§ **PROVIDED MATERIAL**:
----

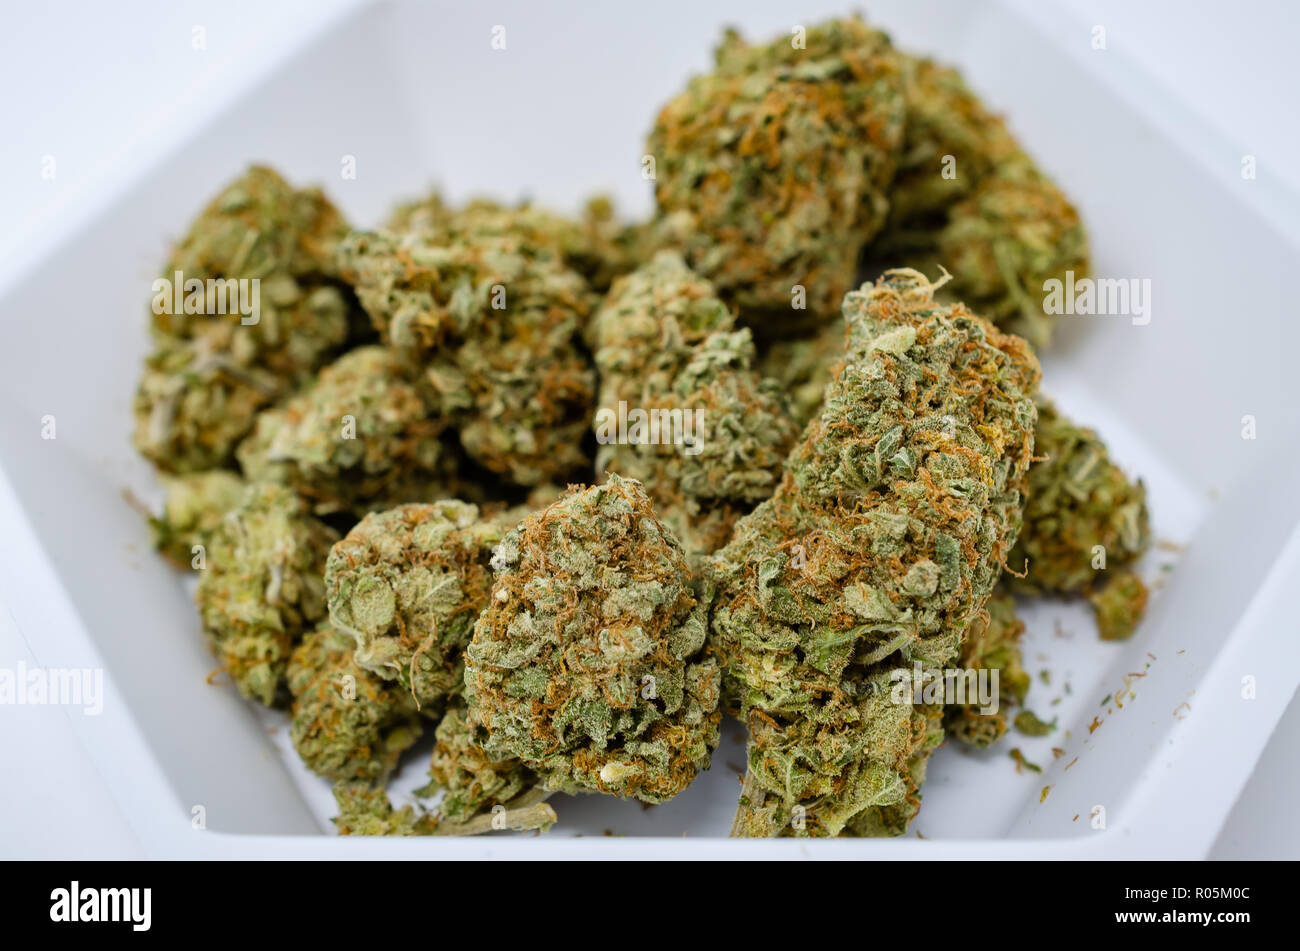 Close up of medical cannabis /marijuana on a weighting pot Stock Photo
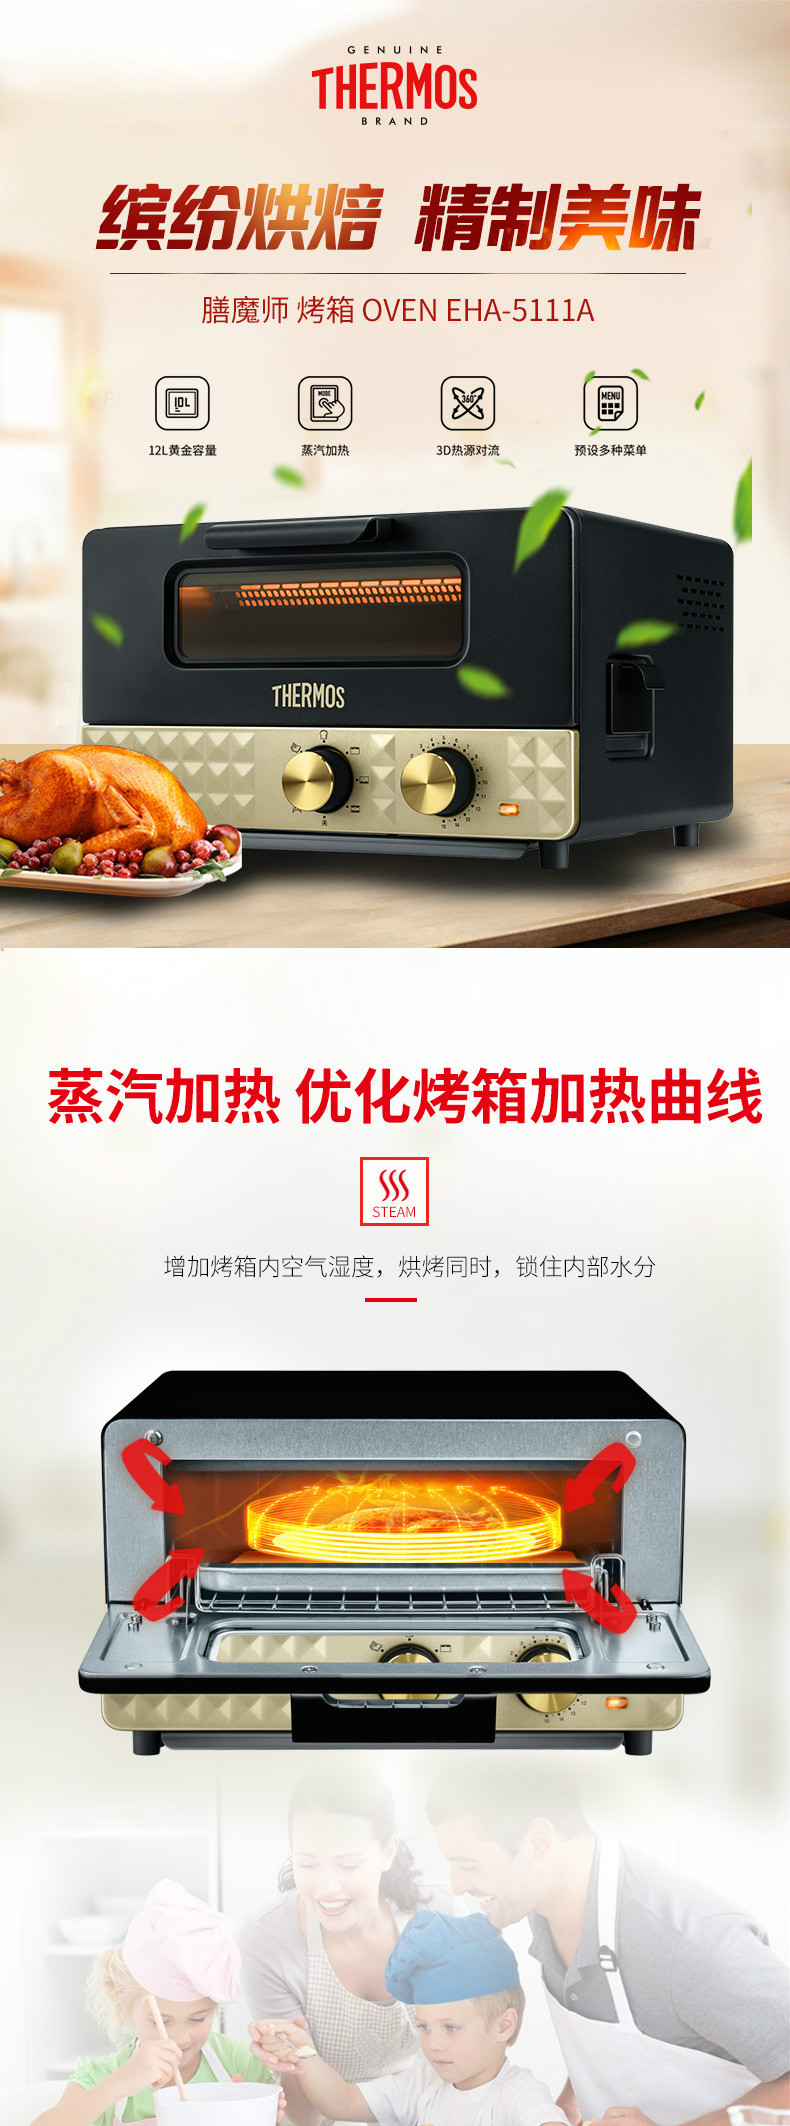 膳魔师/THERMOS EHA-5111A 蒸汽烤箱 家用小烤箱电烤箱 家用烘焙
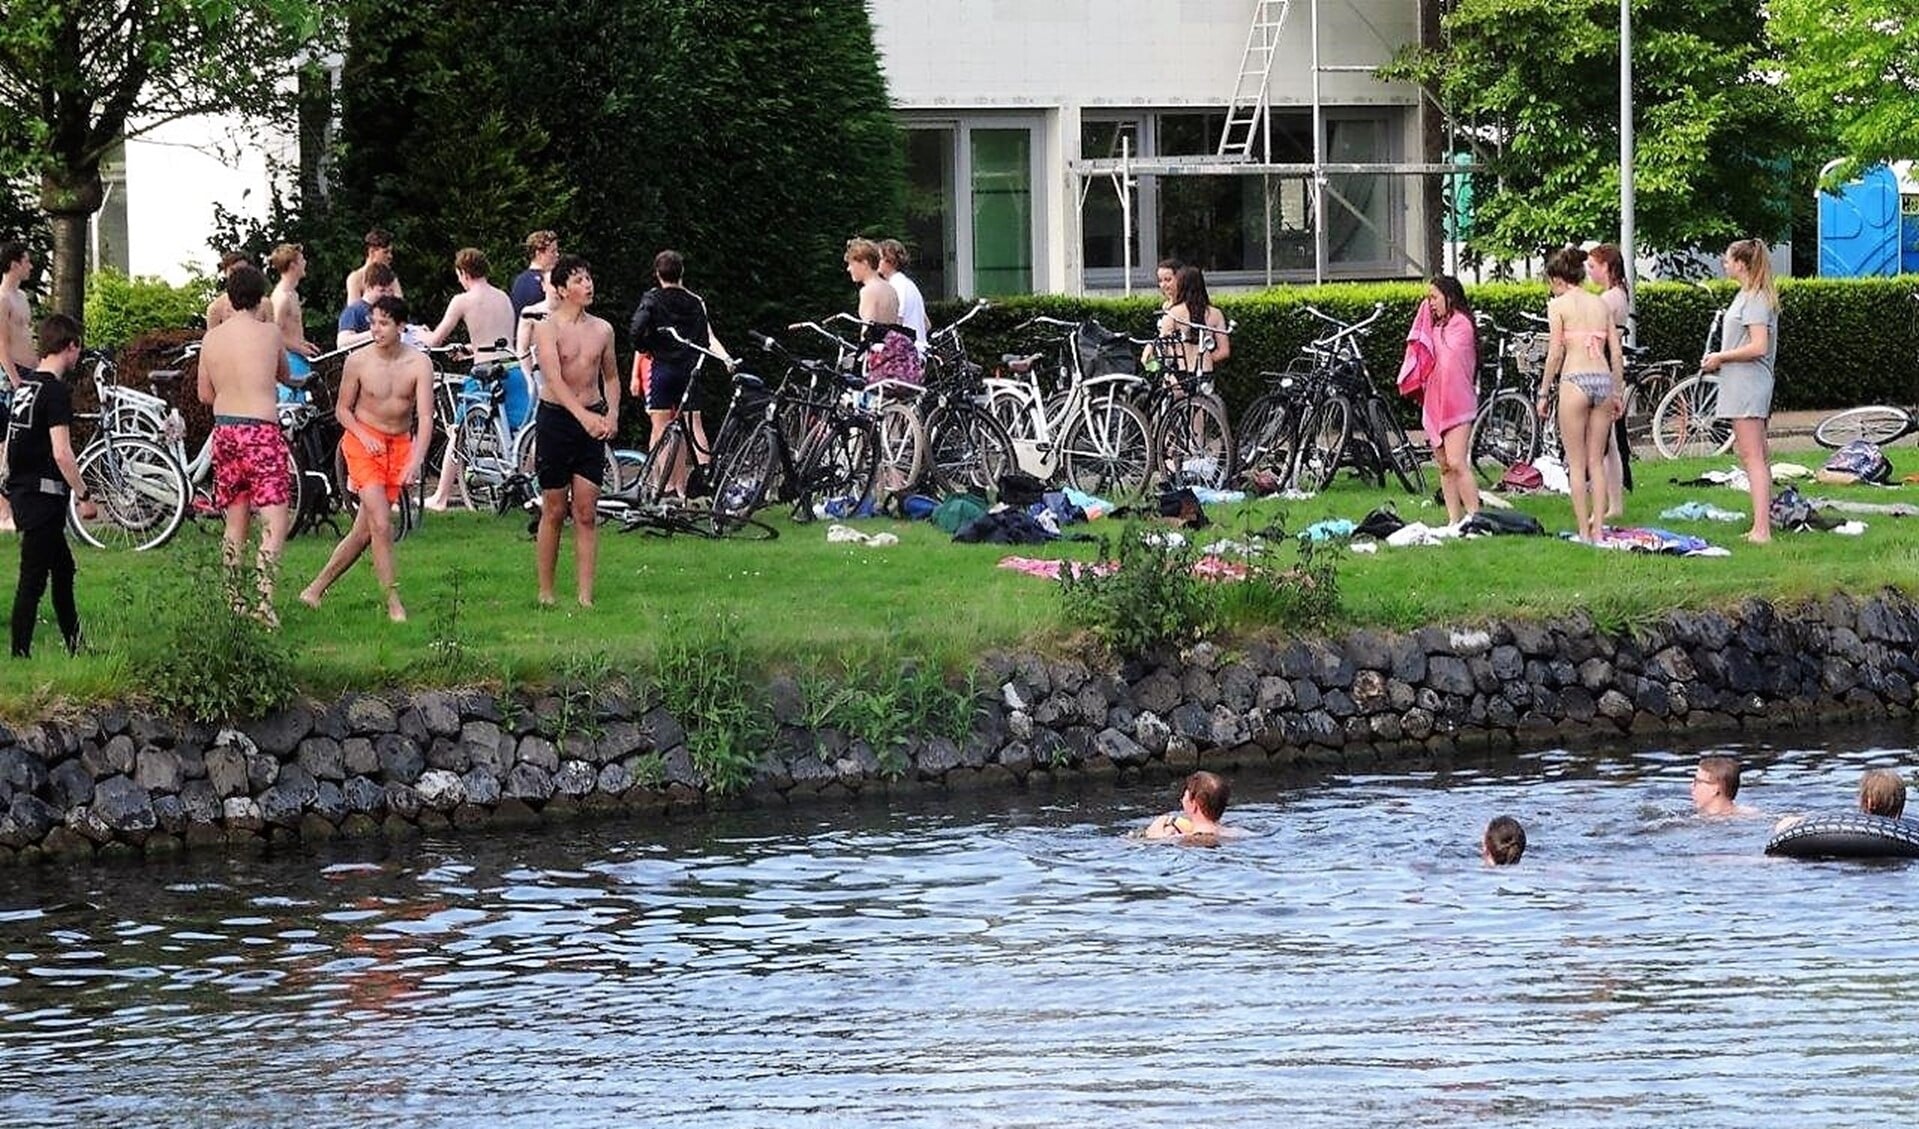 Zwemmen in de Vliet is niet overal toegestaan (archieffoto: Ap de Heus).

----

§ **WHAT IS REQUIRED**: Reproduce every line above word for word; no images.

§ **ANSWER TO THIS EXERCISE**:
 Close up of medical cannabis /marijuana on a weighting pot Stock Photo
 膳魔师/THERMOS EHA-5111A 蒸汽烤箱 家用小烤箱电烤箱 家用烘焙
 Zwemmen in de Vliet is niet overal toegestaan (archieffoto: Ap de Heus).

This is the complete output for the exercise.